Ob wir es wollen oder nicht: Die Covid-19-Pandemie wird unser Leben nachhaltig verändern und einer der Bereiche, der von diesen Veränderungen am stärksten betroffen ist, ist die Arbeit. Nun ist Veränderung nicht zwangsläufig etwas Schlechtes, selbst wenn sie uns von einer Krankheit aufgezwungen wird. Sie birgt vielmehr auch immer Chancen, wenn man weiß, worauf man zugeht.

Welche Lehren ziehen wir aus Pandemie und Lockdown?

Werfen wir also zunächst einen Blick darauf, wie die Covid-Pandemie und der Lockdown unsere Vorstellung von der Arbeit verändert haben. In diesem Zusammenhang scheint uns eine groß angelegte Studie der Unternehmensberater von PricewaterhouseCoppers (PwC) hochinteressant, die folgende zentrale Erkenntnisse erbracht hat:

  • Telearbeit und Home Office haben sich als höchst erfolgreich erwiesen. Weder Mitarbeiter noch Arbeitgeber wollen künftig auf diese Möglichkeit verzichten.
  • Büros werden trotzdem nicht verschwinden. Es wird vielmehr darauf hinauslaufen, die Arbeit im Büro und jene zuhause zu verbinden, vor allem, um die Kommunikation und den Austausch zwischen den Mitarbeitern aufrechtzuerhalten.
  • Die Vorstellungen darüber, wie viele Tage pro Woche zuhause und wie viele im Büro gearbeitet werden soll, gehen auseinander. Mitarbeiter tendieren zu einem größeren Anteil Home Office, Manager plädieren für mehr Bürotage, um Teamgeist und Unternehmenskultur zu fördern.
  • Je geringer die Erfahrung der Mitarbeiter, desto größer ist das Bedürfnis, ins Büro zurückzukehren, auch weil sie dort in ein stabiles, erfahrenes Gefüge eingebunden sind und problemlos Unterstützung bekommen können.

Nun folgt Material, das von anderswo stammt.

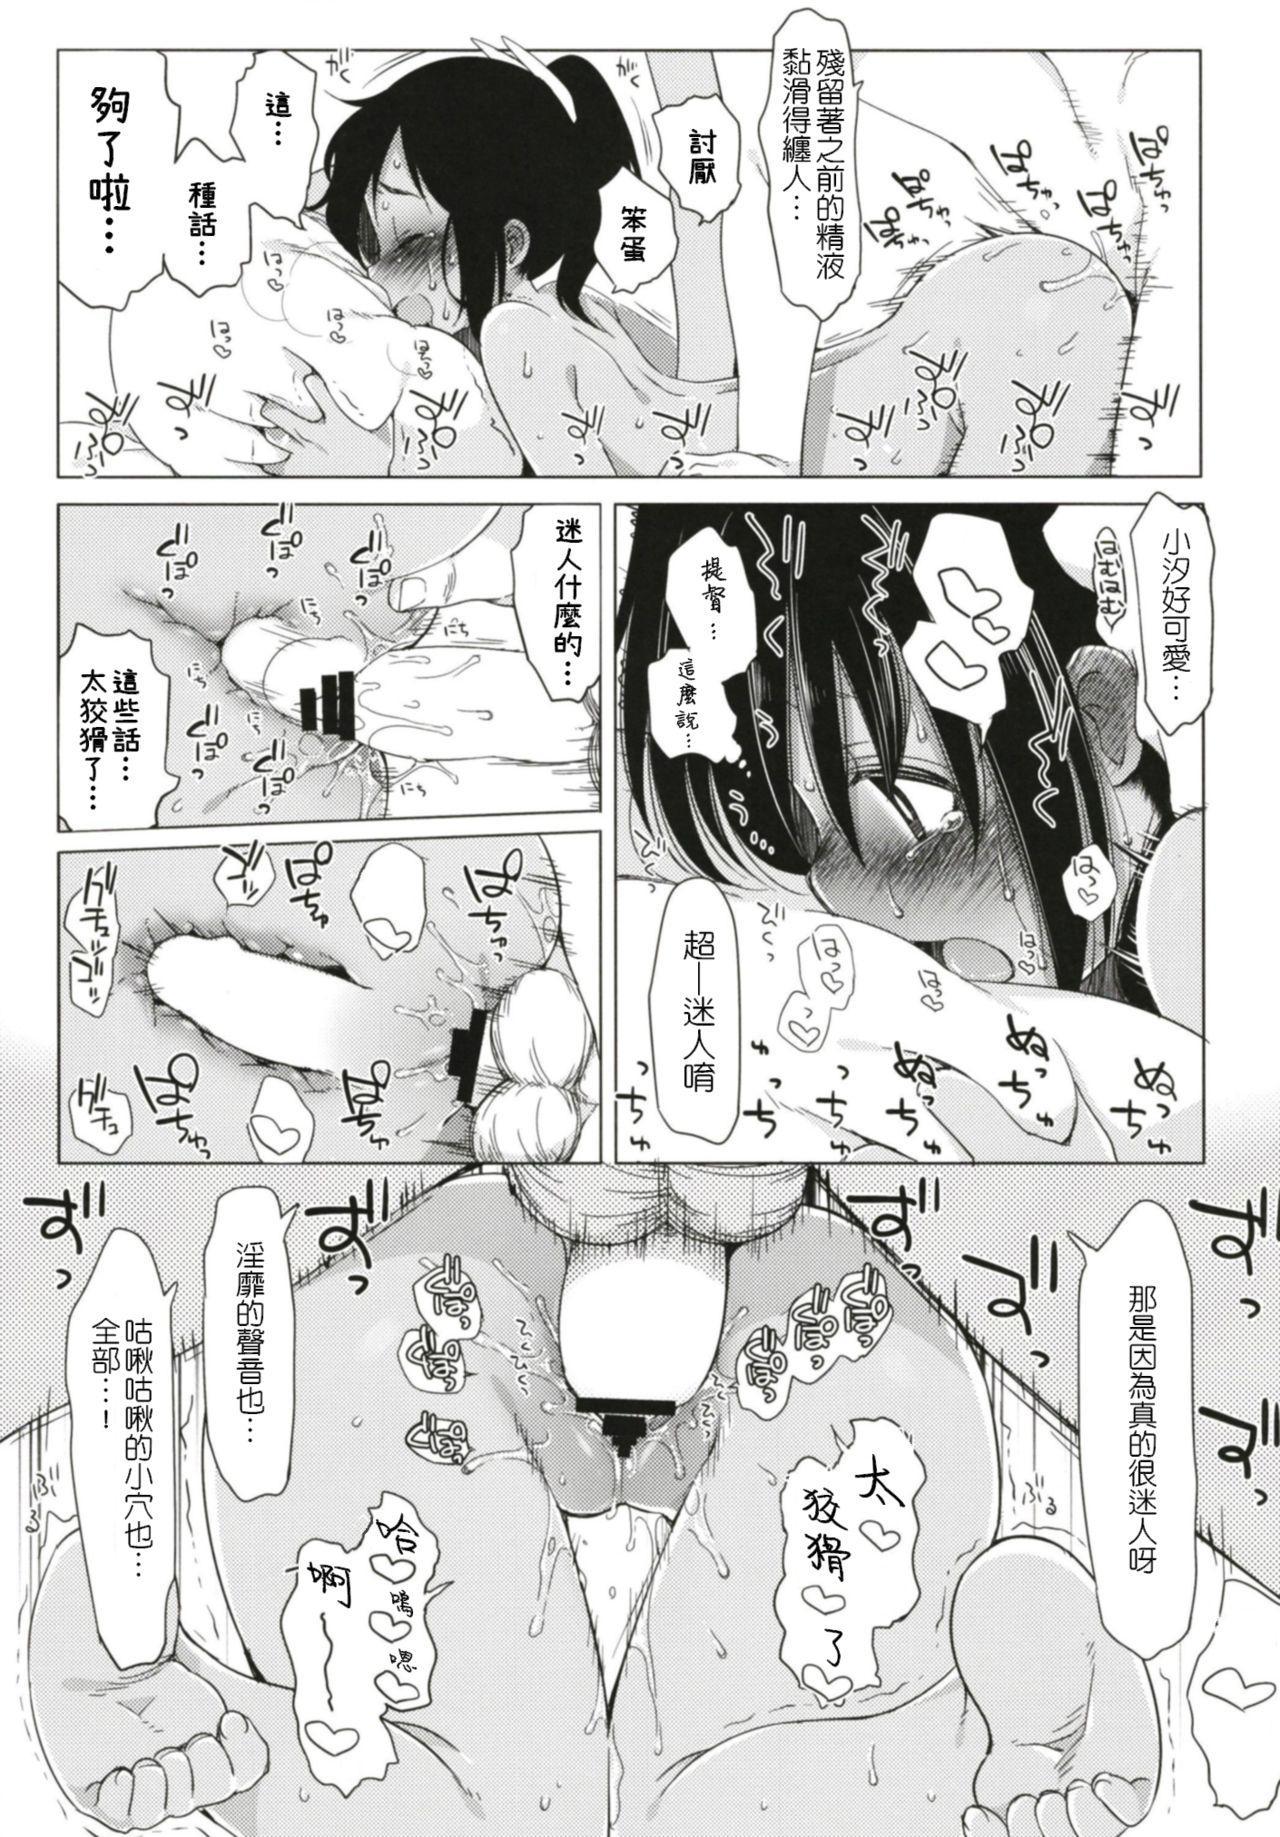 [French letter (Fujisaki Hikari)] Hitonatsu no Ayamachi -I-401 Soushuuhen- (Kantai Collection -KanColle-) [Chinese] [Digital] 24

Welche Folgen hat dies für die Arbeitsplätze

Dass angesichts der tiefgreifenden Veränderungen alles wieder zum Status quo ante zurückkehrt, ist höchst unwahrscheinlich. Deshalb muss man die Erkenntnisse, die wir aus der Pandemie gewonnen haben, auch in die künftige Planung von Büros und Arbeitsplätzen einfließen lassen.

Kurzfristig geht es darum, für mehr Sicherheit im Büro zu sorgen. Das haben die allermeisten Arbeitgeber bereits getan, indem Arbeitszeiten entzerrt, Büros „entvölkert“, Abstände vergrößert und Sicherheitsmaßnahmen (etwa die Montage von Plexiglasscheiben) ergriffen worden sind.

Mittelfristig müssen wir diese Veränderungen zu bleibenden Lösungen umfunktionieren: mit Einzelarbeitsplätzen, größeren Abständen und der Nutzung aller verfügbaren Flächen. Dabei helfen vor allem mobile Einrichtungen, die es uns ermöglichen, Mitarbeiter auch kurzfristig innerhalb der verfügbaren Flächen zu verschieben. Darüber hinaus ist bei den verwendeten Materialien darauf zu achten, dass diese möglichst effizient gereinigt (Stoffe etwa mit Bleichmittel) und desinfiziert werden können.

Langfristig gilt es, Home Office und Büro bestmöglich zu verbinden. Das heißt auch, dass die Kommunikation zwischen Mitarbeitern im Büro und solchen zuhause verbessert werden muss. Das beste Mittel dafür ist die Videokonferenz. Es ist deshalb notwendig, alle Notwendigkeiten bereits bei der Planung und Ausstattung der Büros mitzudenken.

Das fängt bei genügend Platz für Bildschirme, Mikros und Kameras an. Vorzusehen sind allerdings auch Möglichkeiten, um möglichst ungestört videotelefonieren zu können. Und auch akustisch bietet die Notwendigkeit von Videokonferenzen neue Herausforderungen.

All das muss bedacht werden, will man für die Post-Covid-Ära gerüstet sein. Denn wie gesagt: Ein Zurück zum Status vor der Pandemie wird es nicht geben. Leider oder zum Glück? Die Antwort darauf wird jeder für sich selbst finden.